Look! A Bear! With No Name!
Doug Mataconis and Glenn Greenwald smack a couple of CNN spokesmodels around for badmouthing “anonymous internet bloggers” in the wake of the Shirley Sherrod pogrom. And they’re not wrong! But neither of them notes what I find the really galling misdirection perpetrated here: Andrew Breitbart is a lot of things, but “anonymous” is none of them. The Sherrod lie got as far as it did because, in CNN-spokesmodel circles, Breitbart is a celebrity. A trusted brand. That’s why everyone from the Emm Ess Emm to the Obama administration jumped on the lie so quickly. It’s as if CNN spokesmodels reacted to the news of the murder of Sherrod’s father by a white farmer by explaining to their audience that, “This really shows the danger of violent Negroes.”

Comment by dissident —
July 24, 2010 @ 3:10 pm
Just another reason CNN is last place.
Comment by Tom Jackson —
July 24, 2010 @ 3:45 pm
If there is any good that will come out of this, it will be that no rational news outlet will make the mistake of trusting anything that comes from biggovernment.com or treating it as a legitimate news outlet. Of course, reporters make mistakes. We are human, and we work under sometimes intense deadline pressure. We probably sometimes do a poor job of summarizing long speeches. But no one can argue that the Breitbart story was an honest attempt to summarize what Sherrod really said. It was clearly malicious, and I’d be surprised if it didn’t generate a lawsuit.
Comment by Thoreau —
July 24, 2010 @ 4:25 pm
Tom Jackson,
You’re right. Breitbart will be just as discredited as Bill Kristol, and nobody will ever take him seriously again.
Oh, wait.
Comment by Anticorium —
July 24, 2010 @ 6:27 pm
Alternate punchline: “rational news outlet”, cue laugh track.
Comment by Tom Jackson —
July 24, 2010 @ 6:40 pm
If Anticorium can’t see any difference between Biggovernment.com and, say, nytimes.com, perhaps he should read more carefully. This is ignorance disguised as cynicism.
Comment by Anticorium —
July 24, 2010 @ 7:16 pm
Tell me more about how all rational news outlets will treat Andrew Breitbart as poison now that it has come out that he will try to gin up false controversy through releasing selectively-edited video that makes his opponents look bad, Tom.
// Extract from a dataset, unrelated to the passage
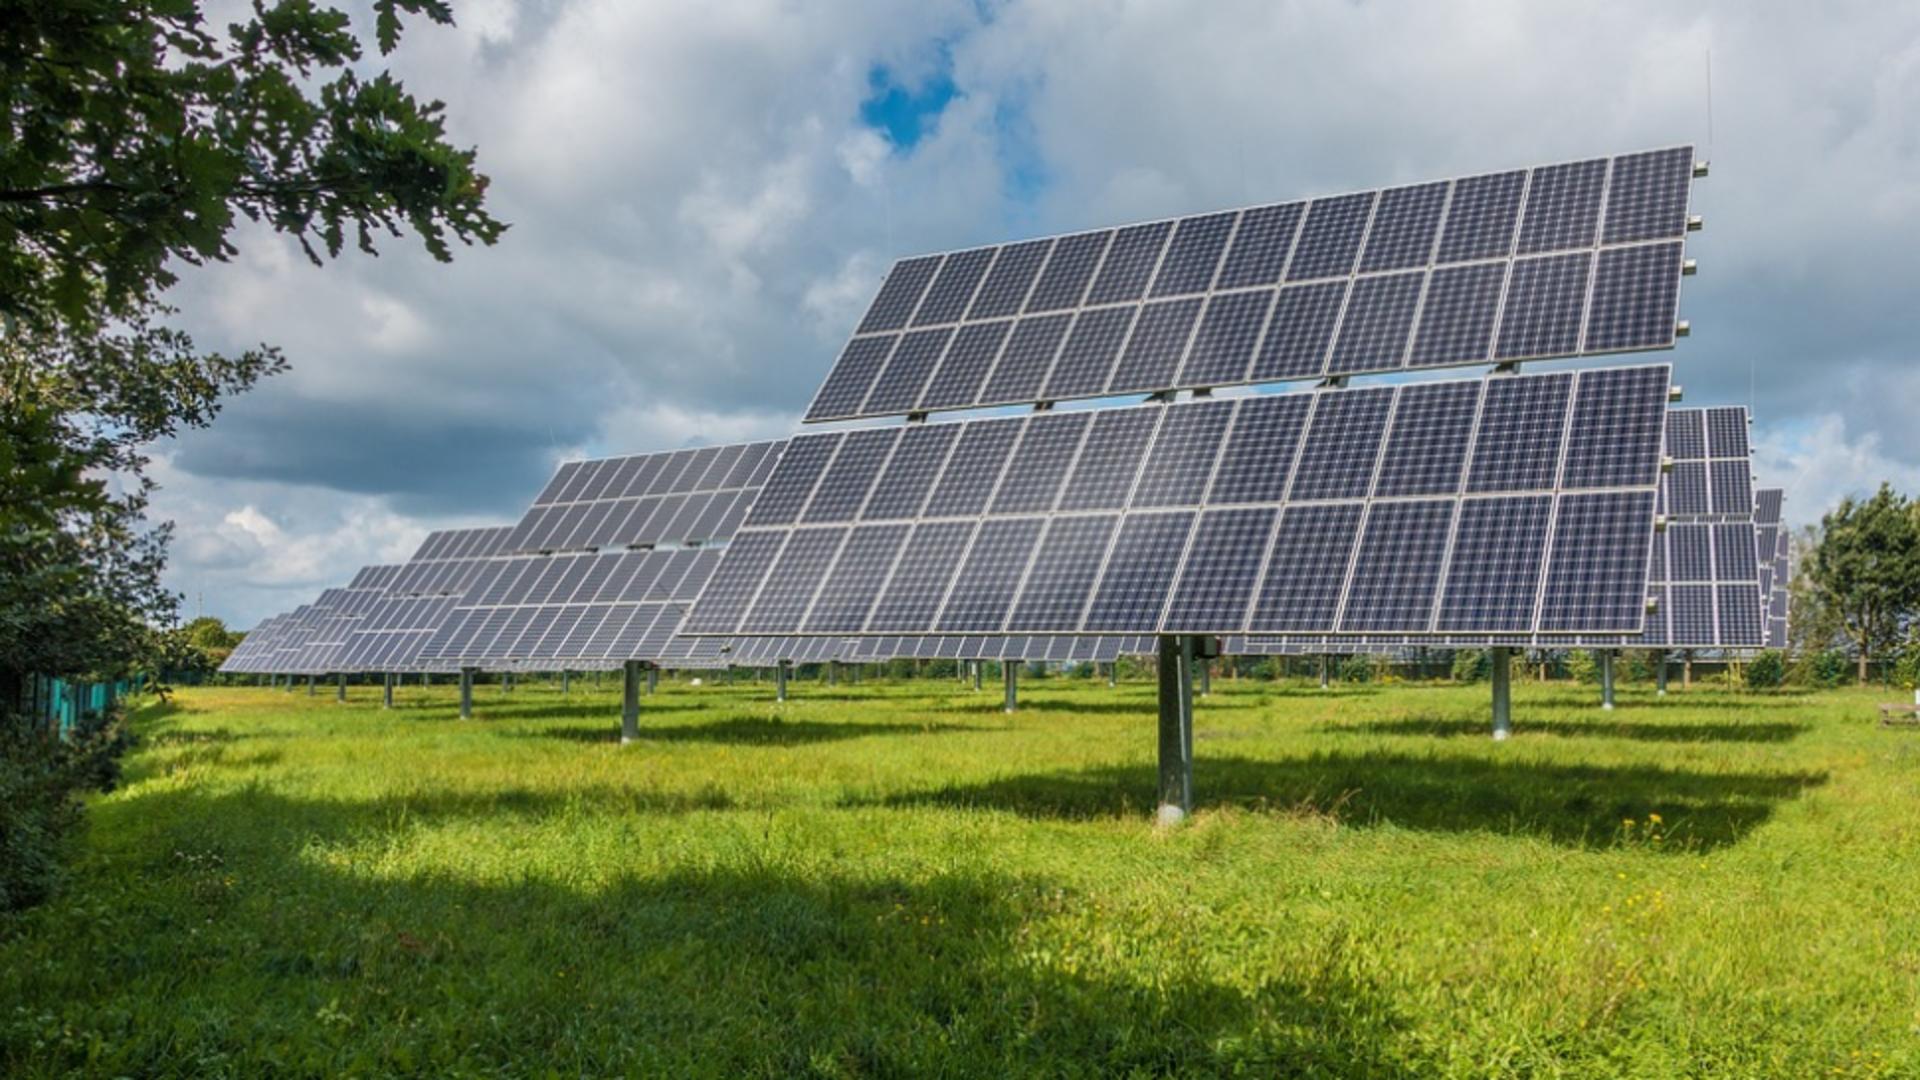 Blaj intenționează să devină independent energetic prin construcția unui parc fotovoltaic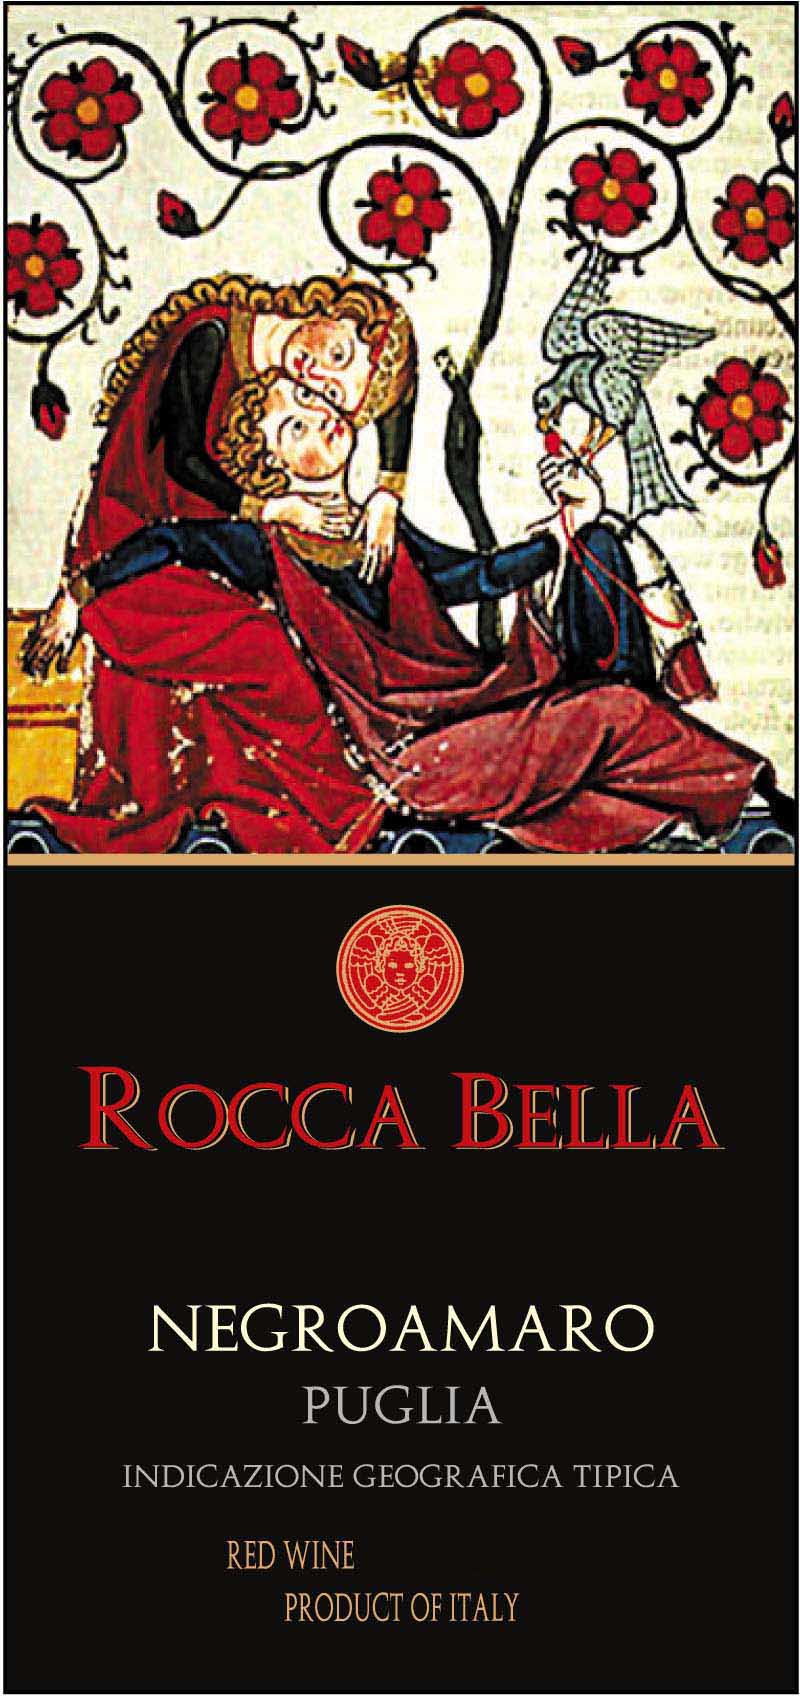 Rocca Bella - Negroamaro label

One condition, though. Your answer must include the words “James O’Keefe”.
Comment by Tom Jackson —
July 24, 2010 @ 8:15 pm
Perhaps I’m naive — I’m the kind of guy who posts under my real name, rather than taking cheap shots under a phony one — but I think there ARE honest, conscientious reporters out there who will be shaken by this and worry about what just happened.
Comment by Anticorium —
July 24, 2010 @ 9:07 pm
I’m sorry, what was that about James O’Keefe?
Comment by Bruce Baugh —
July 24, 2010 @ 9:31 pm
Tom Jackson: The problem with your speculation is that it doesn’t take into account what happened the last time Breitbart pushed calculatedly dishonest videos intended to disgrace some prominent minorities and white folks working with them. That is, not a damn thing.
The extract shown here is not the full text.